FOREIGN Minister Wang Yi vowed today that China will protect its citizens abroad as a Canadian court deliberates on whether to release technology executive Meng Wanzhou who has been held on a US arrest warrant.

Beijing will “spare no effort” to protect against “any bullying that infringes the legitimate rights and interests of Chinese citizens,” Mr Wang told a conference in Shanghai.

Mr Wang didn’t specifically mention the Huawei Technologies Ltd executive Ms Meng, who was arrested in Vancouver on US charges related to possible violations of trade sanctions against Iran.

However, ministry spokesman Lu Kang said Mr Wang was referring to cases of all Chinese abroad, including Ms Meng.

Her arrest on December coincides with an agreement by Presidents Donald Trump and Xi Jinping to implement a 90-day ceasefire in a tariff war between the two countries.

The arrest prompted concern that trade talks might be derailed, but Beijing indicated today that they were going ahead.
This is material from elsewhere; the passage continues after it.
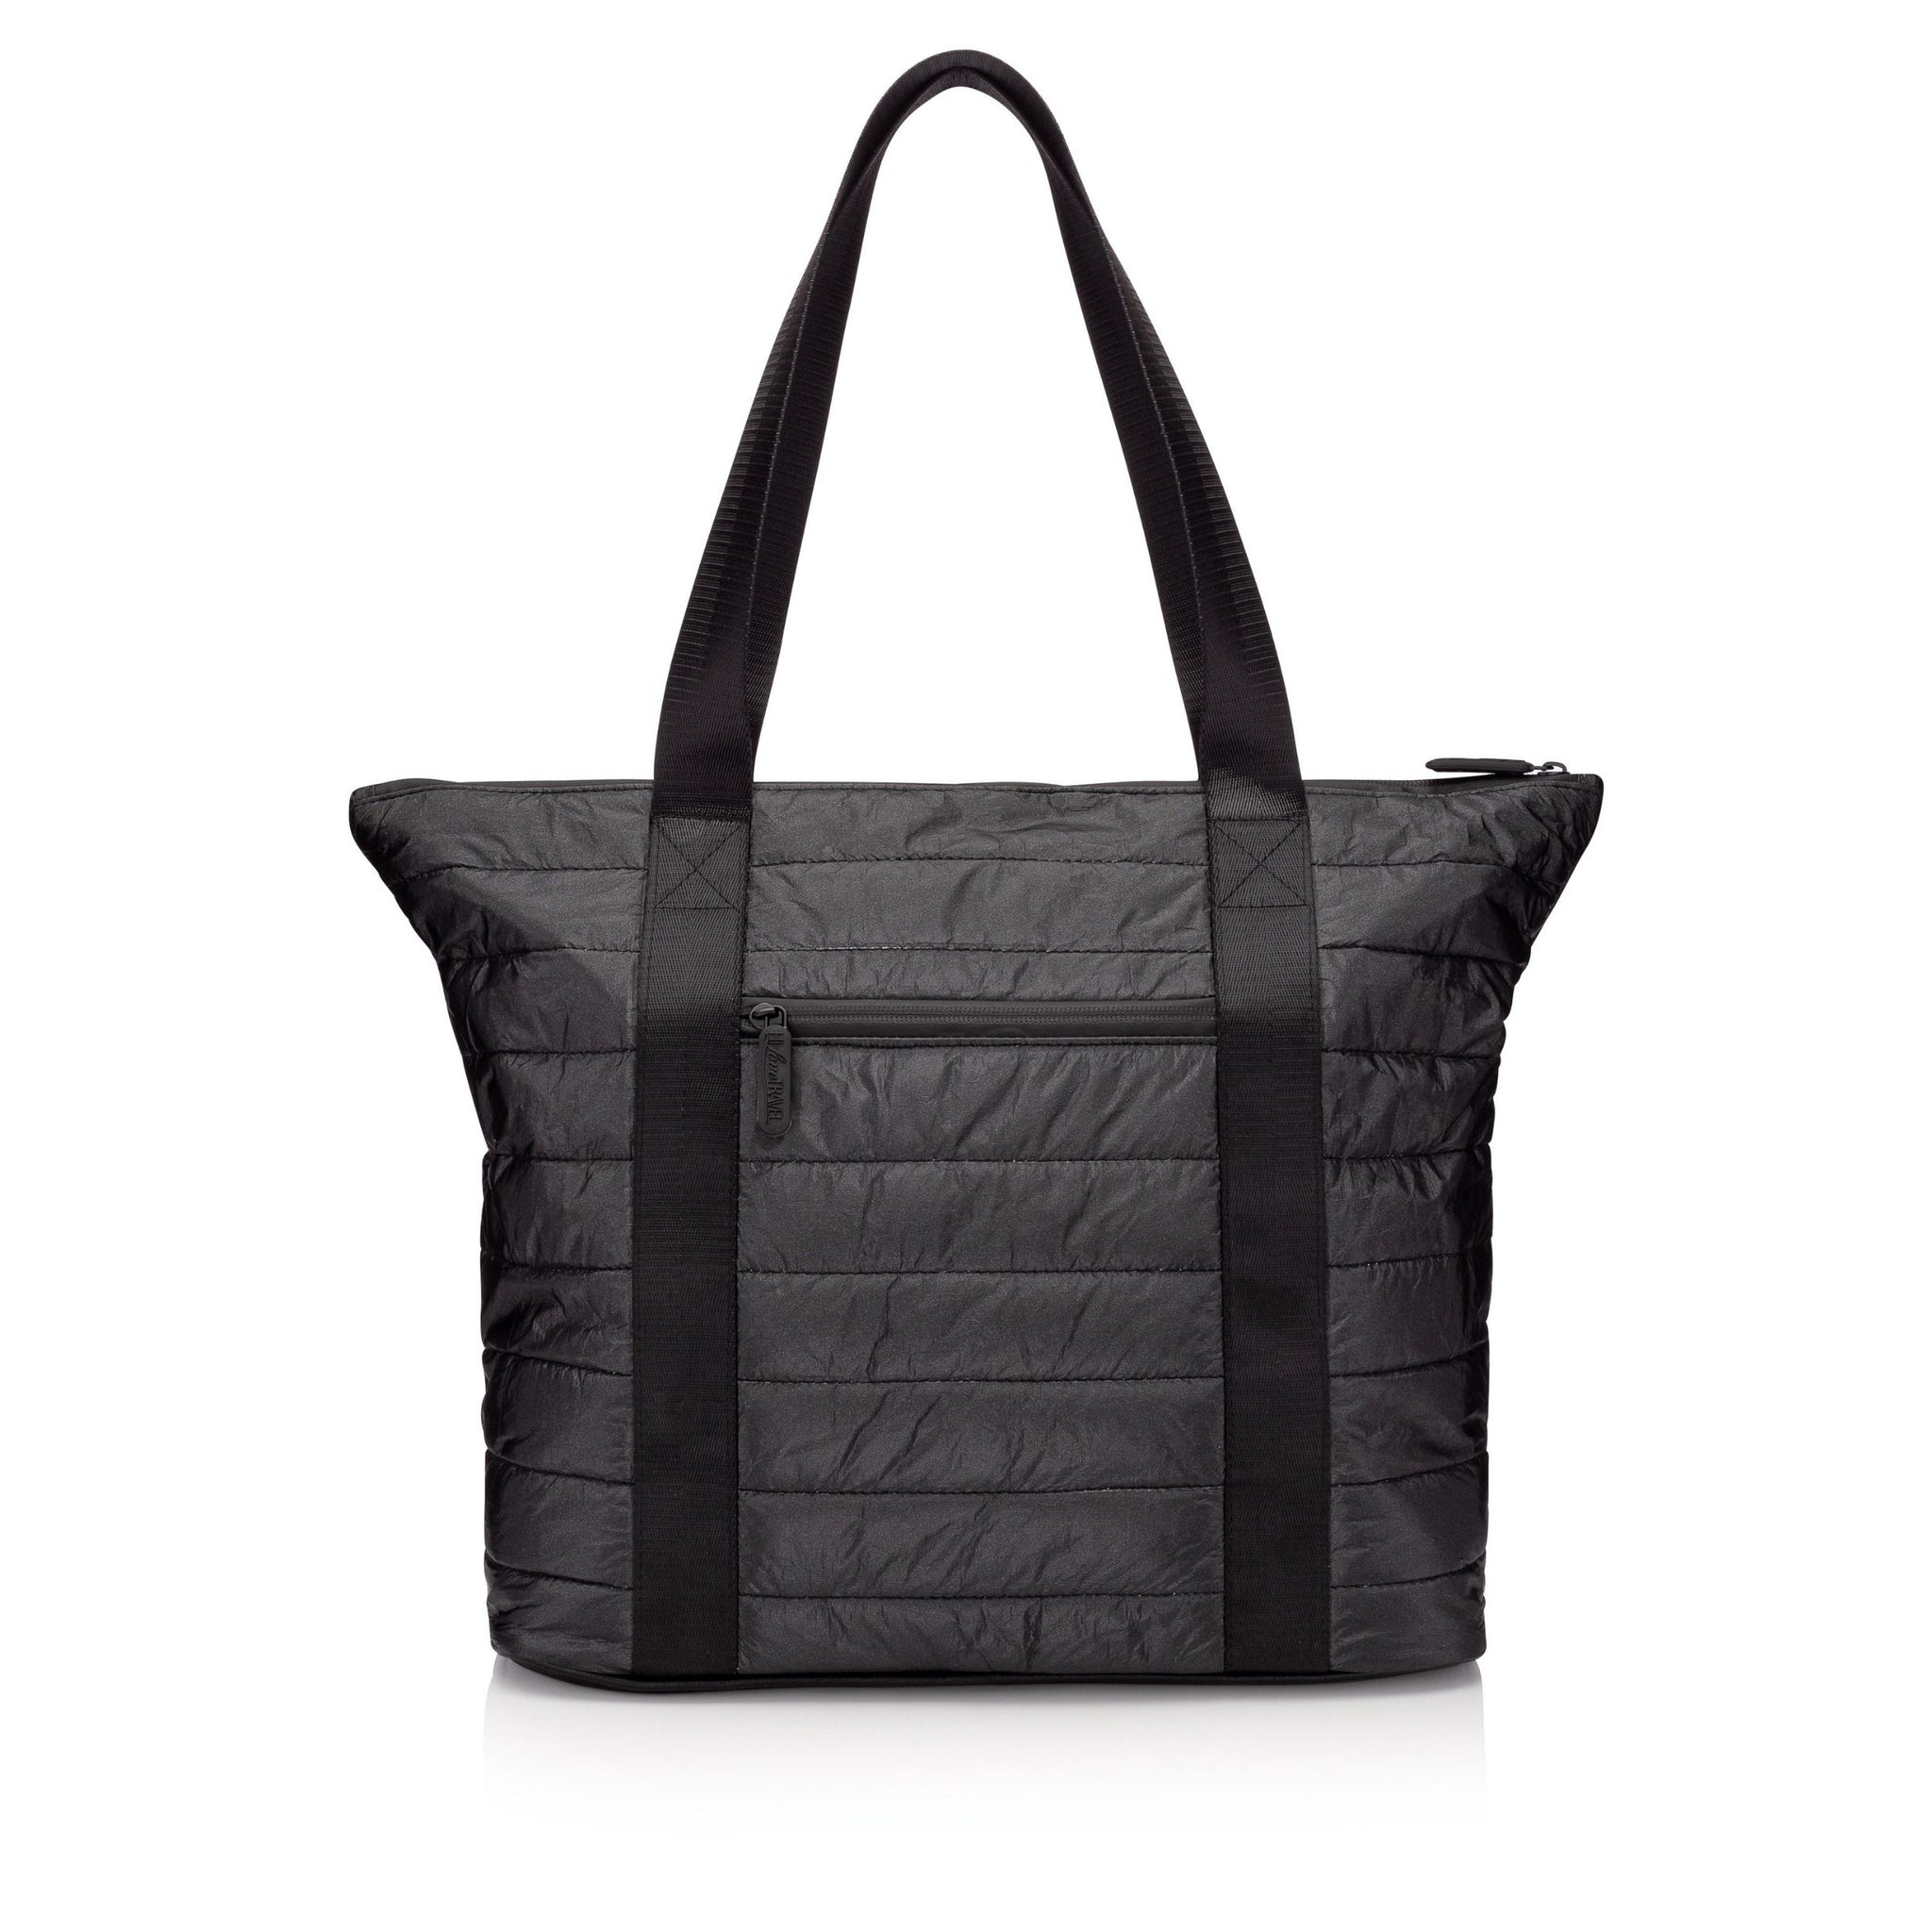 Puffer Tote Bag with Zipper Pockets in Shimmer Black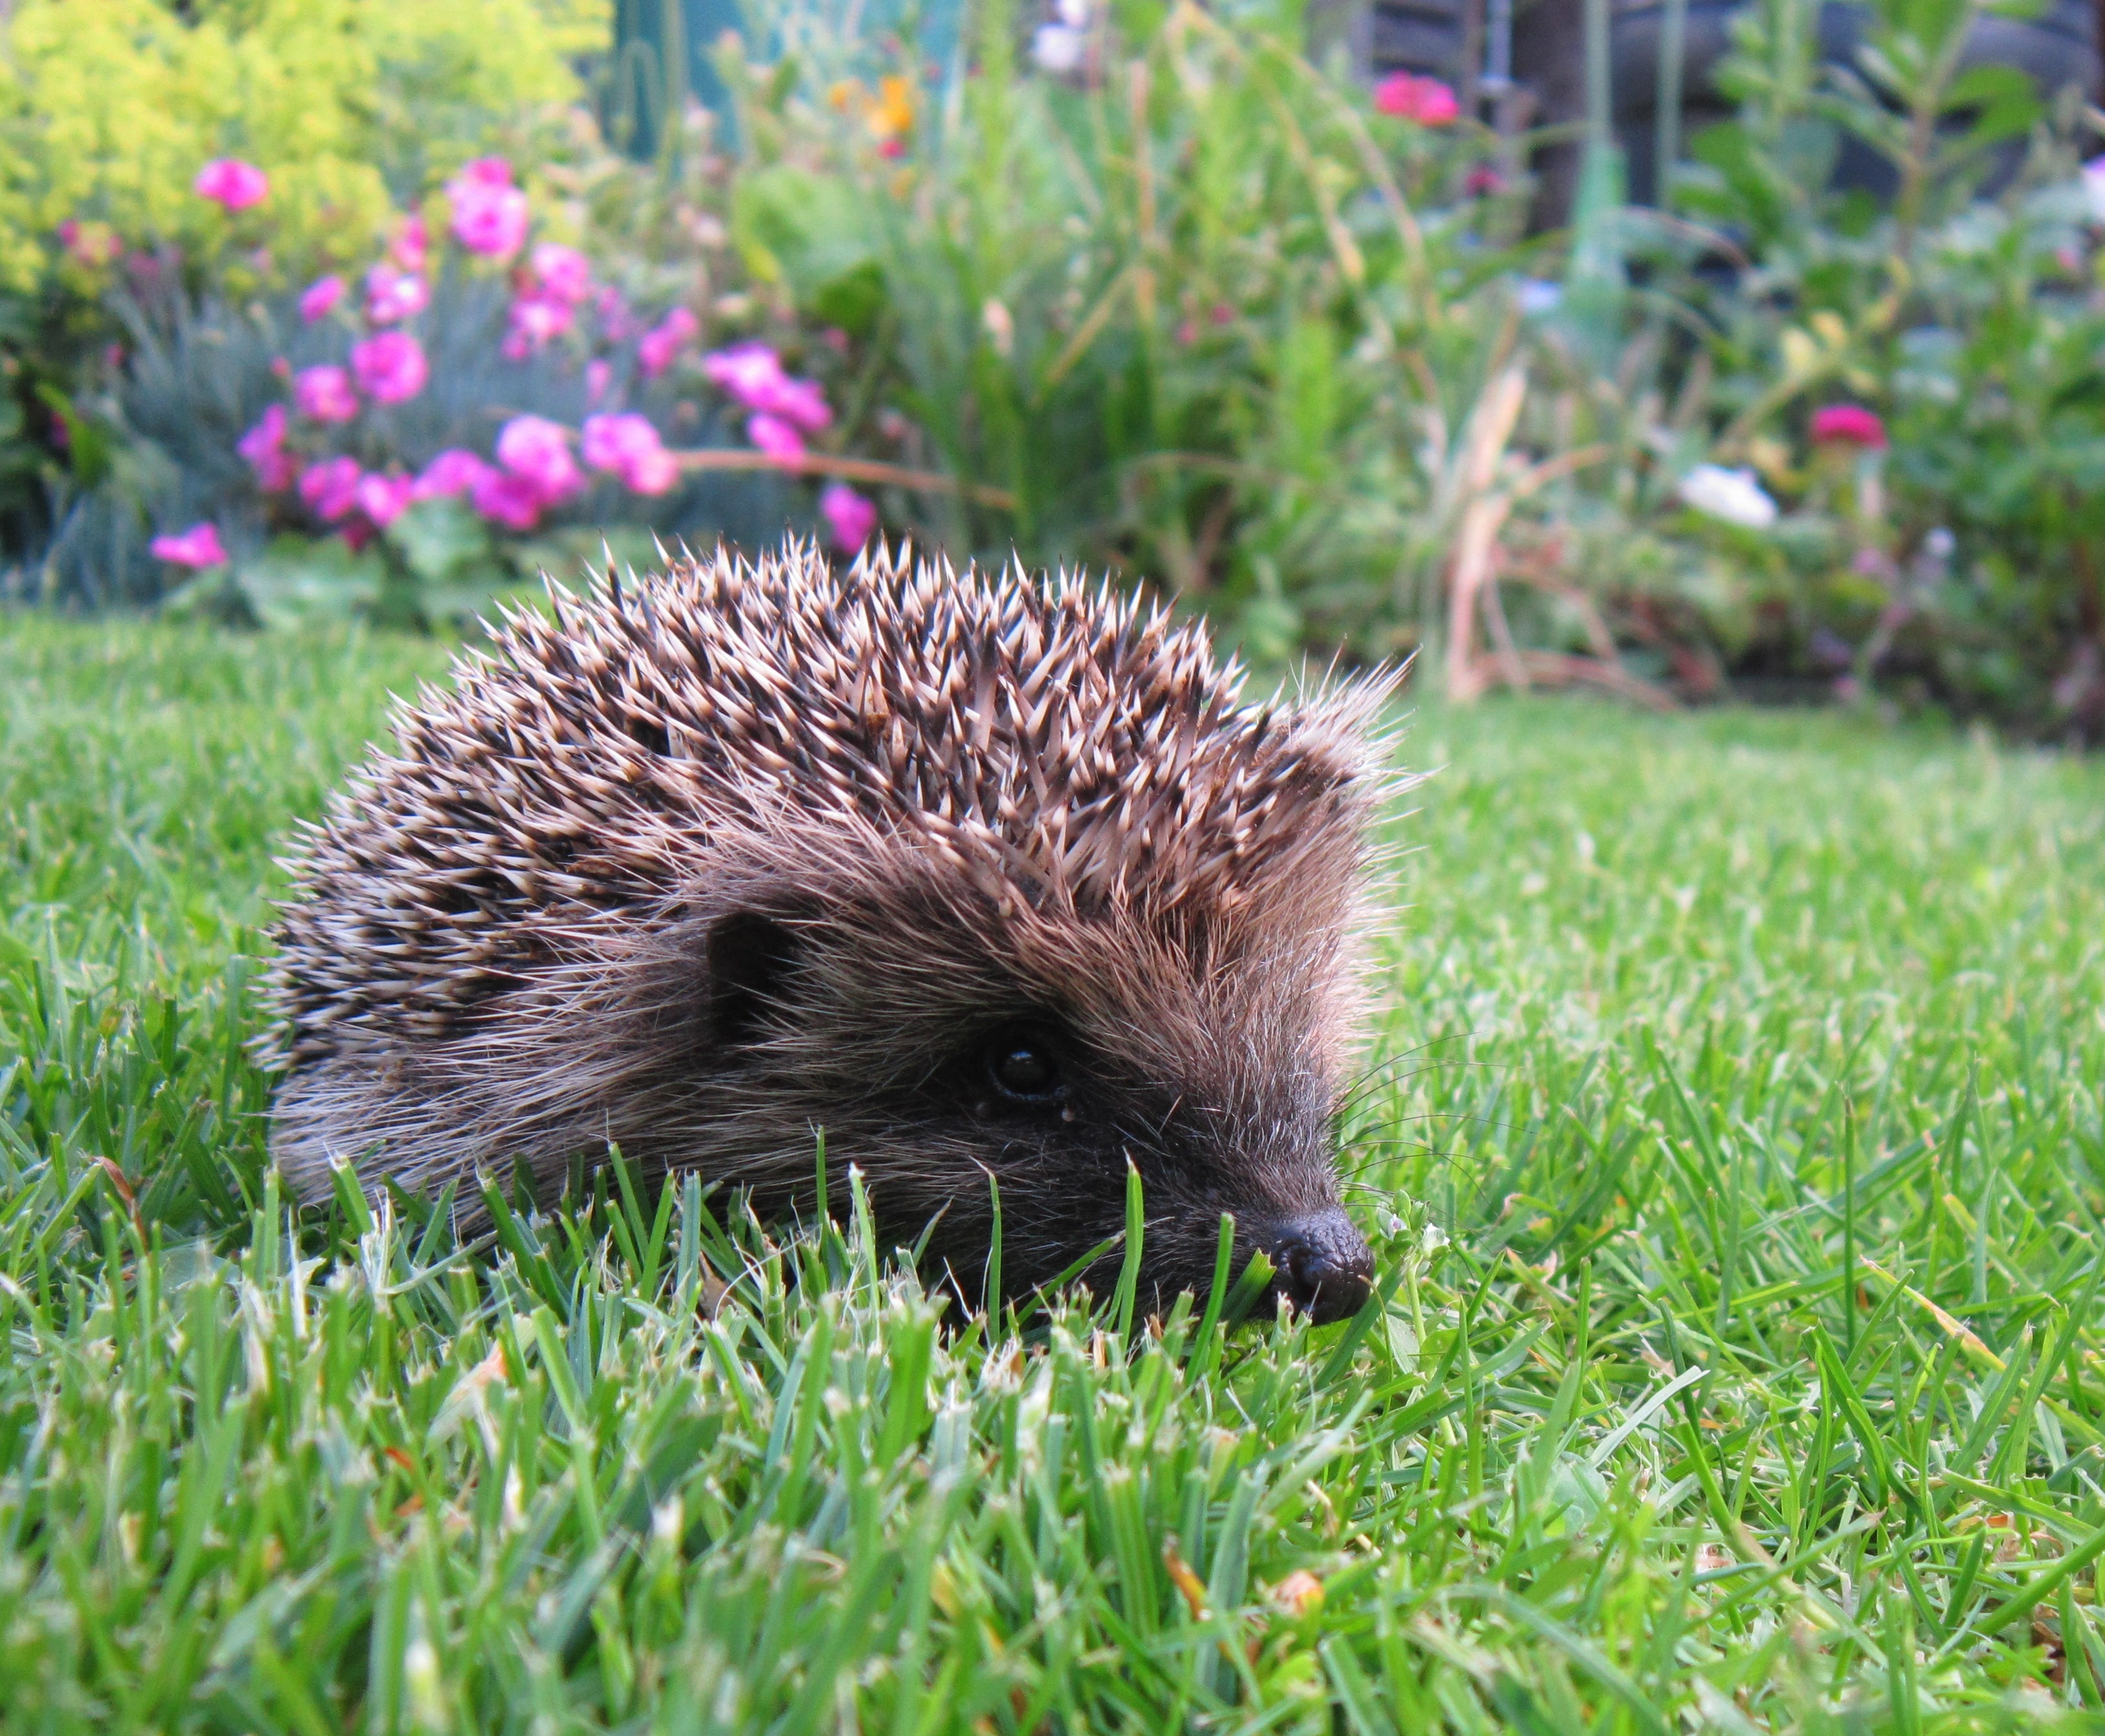 Lyndsey Smith got her parents to make a hole in their fence - and hoglets turned up.

China’s economy supremo, Vice Premier Liu He, talked by phone with US Treasury Secretary Steven Mnuchin and Trade Representative Robert Lighthizer about the next round of negotiators, the Ministry of Commerce announced, giving no details of preparations.

The two governments have tried to keep Ms Meng’s case separate from the trade talks, but jitters among companies and investors have shaken global stock markets.

Washington accuses Huawei of using a Hong Kong shell company to sell equipment to Iran in violation of US sanctions, which Washington tries to impose on the rest of the world.

It declares that Ms Meng and Huawei misled banks about the company’s business dealings in Iran.

Her bail hearing continued today into a third day in front of Justice William Ehrcke in Vancouver.

Prosecutor John Gibb-Carsley has asked the court to reject Ms Meng’s bail request, saying she has vast resources and a strong incentive to flee because US fraud charges carry a possible maximum prison term of 30 years.

Her arrest has set off debate online in China over whether to protest by boycotting Apple, whose iPhone is a rival to Huawei’s smartphone branding, and to support Chinese brands.